Y 'Tiziano' -un bello tordo rodado-, un caballo banderillero, confiesa que "no me costó mucho aprender a hacer el quiebro ante un toro. No me gusta mucho doblegarme. A veces me ando a mi aire por la plaza. Y él me consiente y me deja tomar iniciativas". Y así pudieran seguir hablando nada menos que 'Patanegra' -ese ágil lusitano castaño-, 'Curro' -otro lusitano árabe castaño-, 'Saramago', un bayo reluciente, entre otros, que estaban en la plaza.

Están algo nerviosos, pero confiados en su compañero, con quien ha habido gloria, pero también dolor. 'Chenel' lo sabe bien, pues sufrió una cornada grave. Un toro casi lo destripa, pero como es valiente y torero ya lo olvidó. Y más lo sabe el torero, que tiene las piernas rotas por todas partes, lesiones de espalda, costillas afectadas, pero la afición es superior al miedo.

La del domingo será otra tarde de debut.
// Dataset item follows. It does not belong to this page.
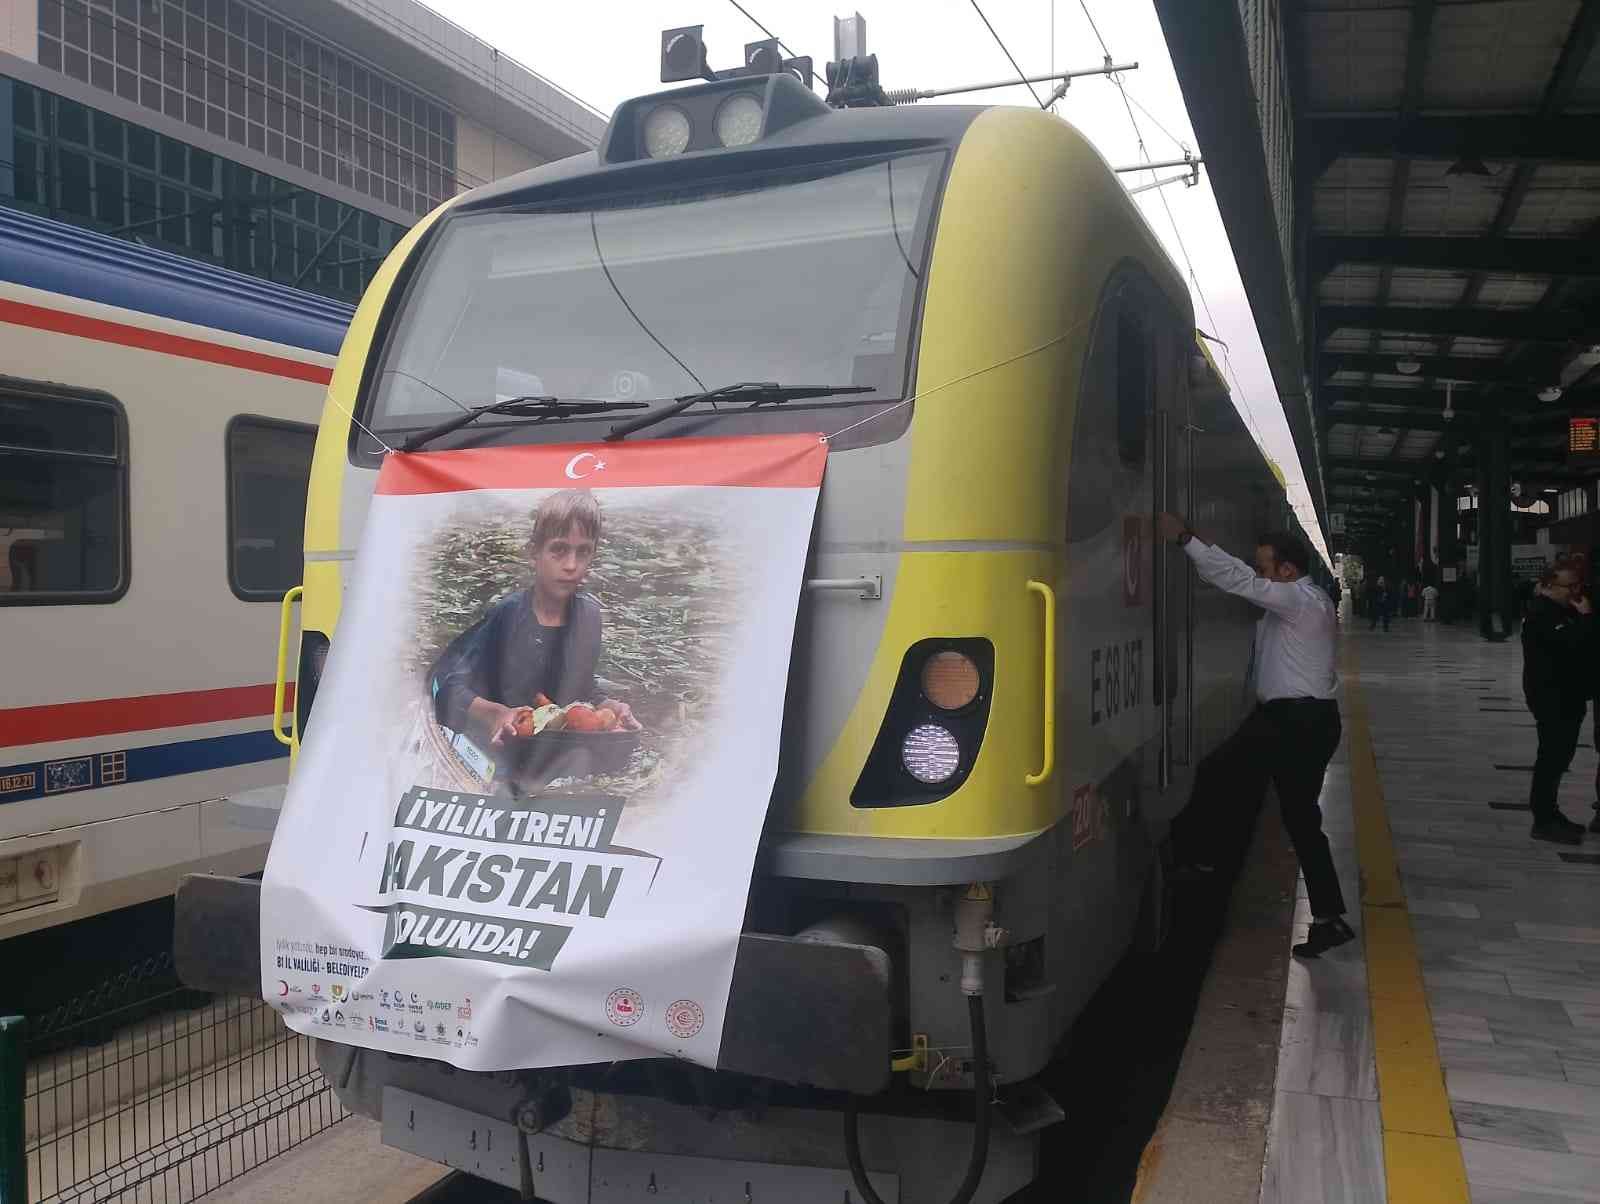 8’inci ve 9’uncu İyilik Treni Pakistan’a uğurlandı

Caballos y rejoneador esperan salir bien para viajar a México y después, a España. Pablo se encomendará a su fe, con ese anhelo de regresar a su hogar tranquilo. Allí lo esperan sus tres hijos y su esposa, quienes lo hacen sentir con los pies en la tierra, pues "por mucho que te adulen, tú eres Pablo, esposo, padre y hermano. Ellos, mis grandes amores, te hacen ver que más allá de una estrella eres una persona normal".

El que ha embrujado a México, Francia, Madrid, a toda España, estará este domingo en la Santamaría. "Quiero enviarles un mensaje de gratitud por tantos llamados que me han hecho. Vengo con toda la ilusión, con mis mejores caballos para dar el máximo. Intentaré no defraudarlos... Aunque la fiesta de los toros sale como Dios quiere".